My out-of-pocket cost was $750, all for 30 long distance calls home that I made using a credit card.
That's an average of $25 per call, and no one had to collect coins.
The rates and prices were not disclosed. I only found out when I got home and received the bill.
Pay phones in hospitals in Canada are not regulated and Bell Canada sub-contracts the billing to a third party operating in another province, that in turn is a subsidiary of a company based in the USA.

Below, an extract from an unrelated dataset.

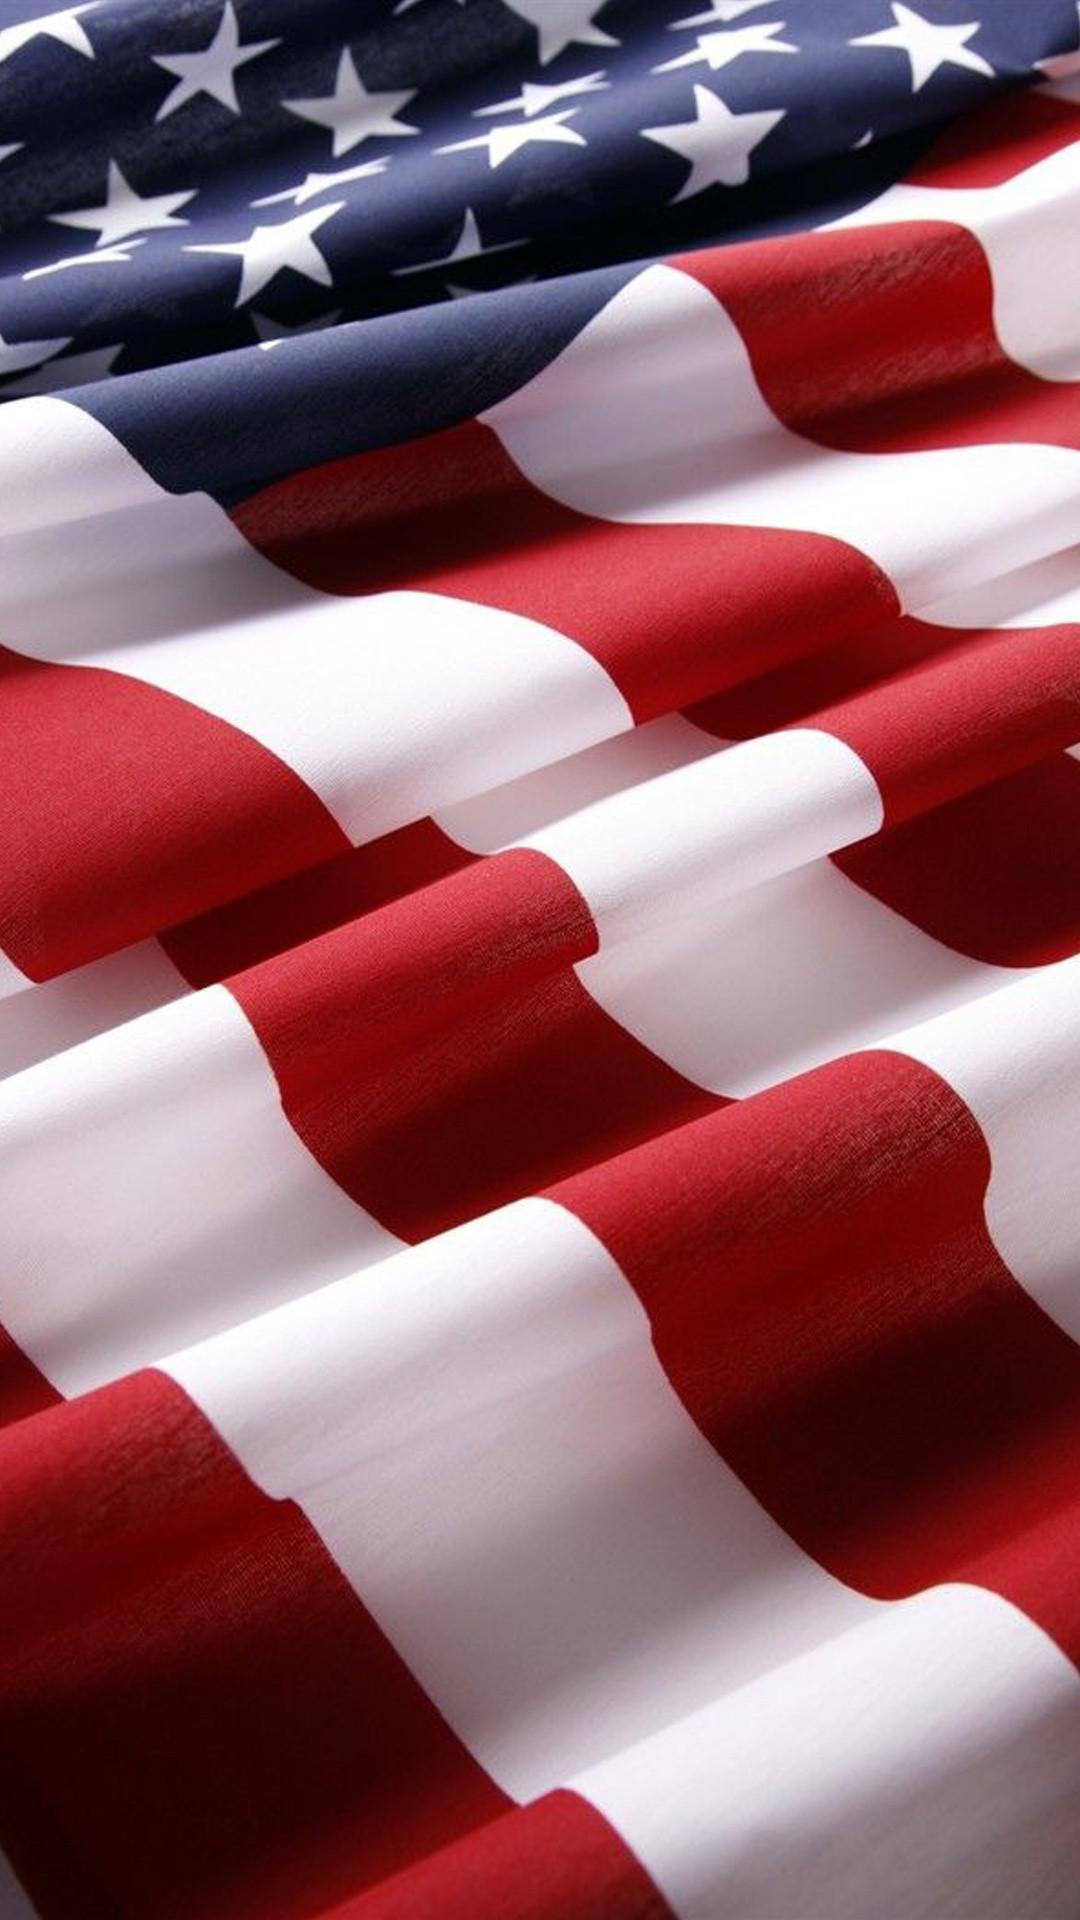 American Flag wallpapers iphone se American Flag wallpapers For iphone se

Try taking that one to court.
I don't want a cell phone but I still want to make the odd call
Twinstiq, game news
True. It also used to be true that landlines supplied their own power, meaning that you could make emergency phone calls in a power outage. Now when there's a power outage, the mobile access points go down too, and the POTS phone you keep for emergencies needs to be plugged in to work.
$300 a year is less than a dollar a day which is less than two local calls a day as it's $0.50 for a local call on a payphone in Canada.
Don't forget that it's an average of $300 a year. Some phones are going to be used a lot more while some are hardly used (most likely installed because they have to be and only used when nobody has a cell phone).